La difesa di un luogo pubblico e di un’opera facente parte del patrimonio culturale albanese ha visto il coinvolgimento non solo di tanti artisti, ma anche della società civile e dei politici albanesi; questi ultimi - in particolare l’opposizione, rappresentata dal Partito democratico di Lulzim Basha (la destra albanese) e LSI, capeggiato dalla moglie del Presidente della Repubblica albanese Ilir Meta, Monica Kryemadhi - hanno trasformato la questione in un tema alquanto spinoso.

Il Teatro Nazionale di Tirana, costruito dai tempi della II guerra mondiale da architetti italiani (come del resto tutti gli edifici istituzionali attorno a Piazza Skenderbeg), luogo in cui si sono svolti tanti processi contro i dissidenti all’epoca del regime Hoxha, conta da anni numerosi artisti che si battono contro la sua demolizione, chiedendo a gran voce un restauro alla luce delle parole di ingegneri e architetti, i quali l’avevano dato per spacciato. Nonostante le proteste, è stato abbattuto una domenica mattina, durante la quarantena, nel silenzio generale, scatenando forte indignazione nei cittadini. Tralasciando le modalità di abbattimento, ora il punto nevralgico della questione ha a che fare con il dopo-teatro: cosa accadrà a seguito della demolizione? Sarà semplicemente eretto un nuovo teatro, come promesso dal sindaco Erion Veliaj, oppure i più di 10mila metri quadrati saranno sfruttati per costruire grattacieli ed altri edifici, dati in concessione ai privati da parte del Governo Rama? Da questi interrogativi e dalle lotte portate avanti finora è nato “Alleanza per il Teatro”, un movimento che intende raccogliere firme per affermarsi come partito contro la classe politica “corrotta” albanese di questi 30 anni, come loro la definiscono.
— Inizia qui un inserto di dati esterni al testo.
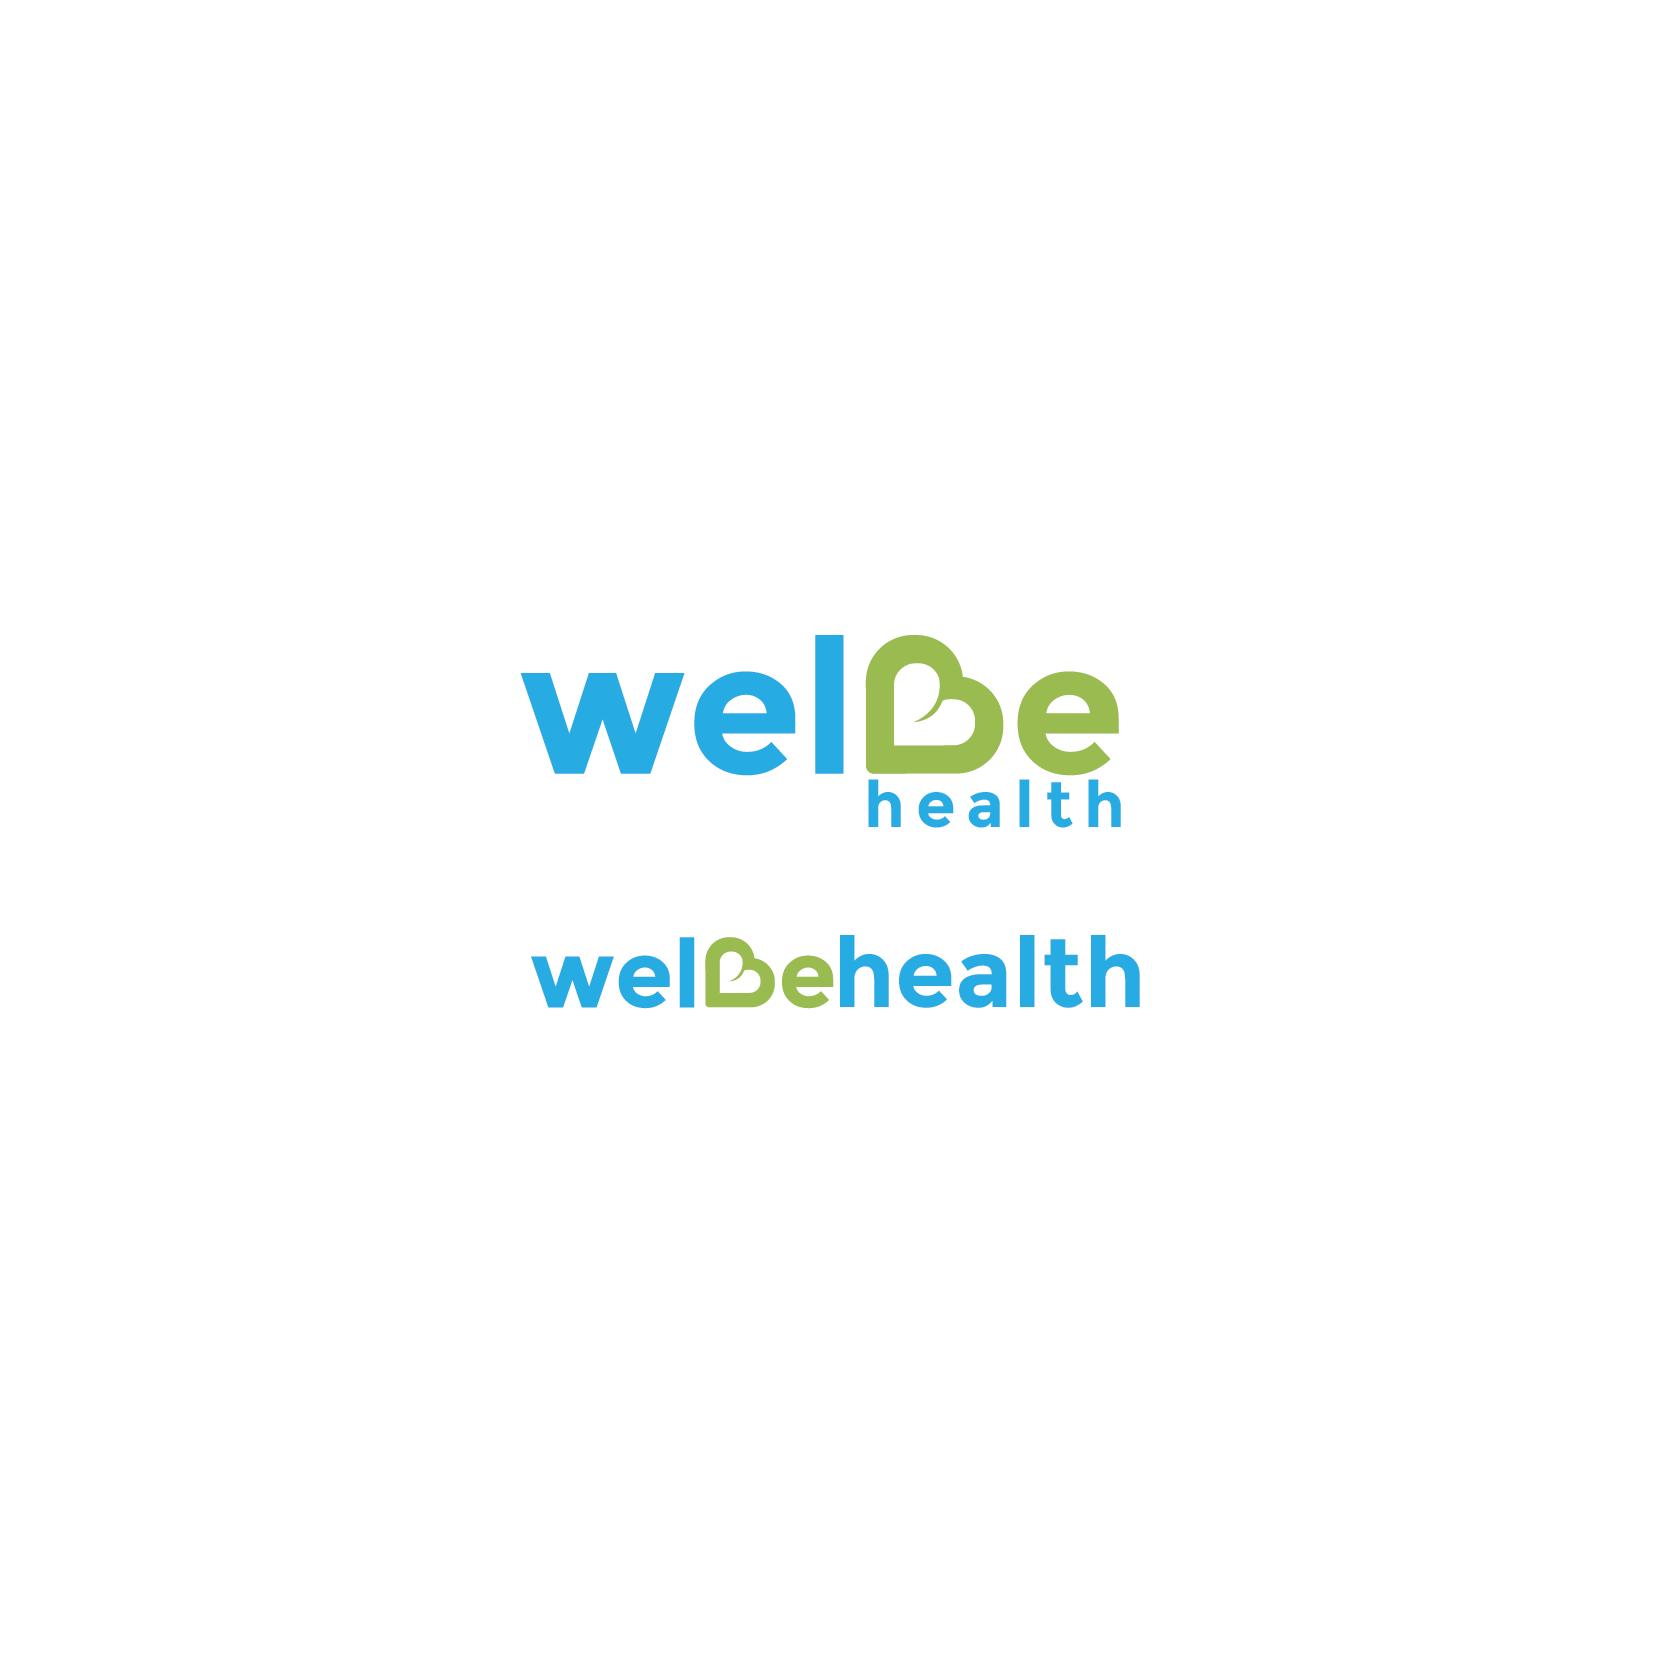 Logo design for WelbeHealth
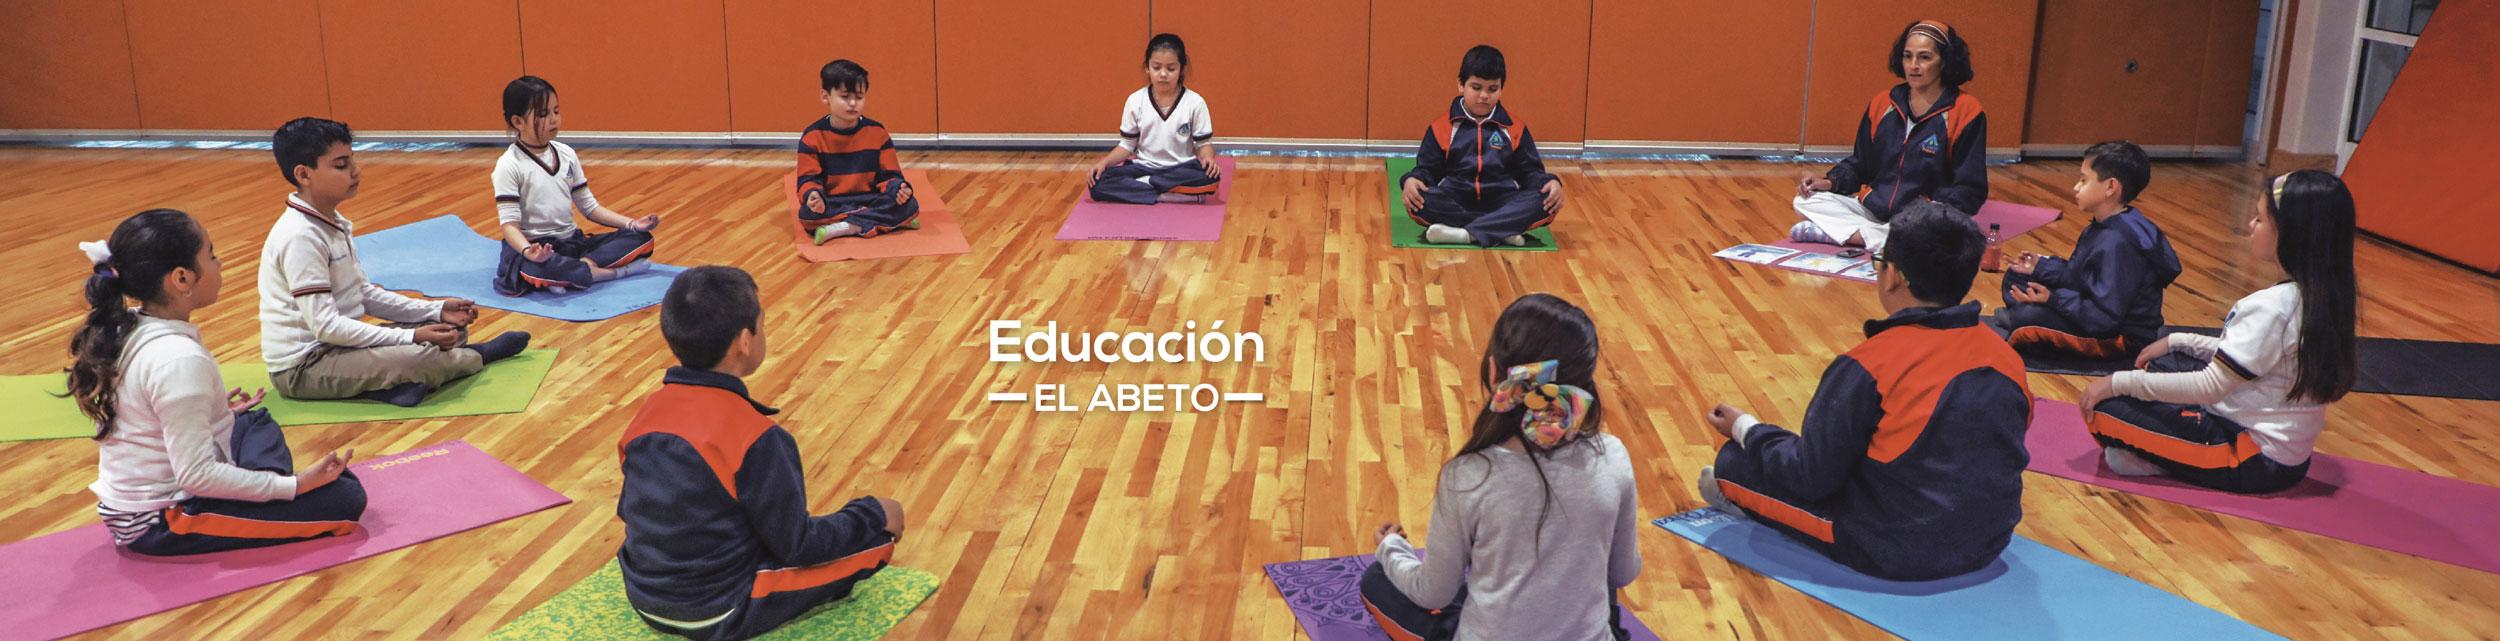 banner-arriba-02

Le proteste erano già cominciate per le misure che il governo Rama aveva assunto in risposta alla pandemia di Covid-19; ciò è costato loro la pesante accusa di aver tentato di boicottare la quarantena, mossi dalla cittadinanza e da un avvocato che, molto presente sui media, era solito dar voce a slogan complottisti circa un possibile tentativo, da parte delle istituzioni, di nascondere un giro di affari loschi con la questione coronavirus e la quarantena obbligatoria.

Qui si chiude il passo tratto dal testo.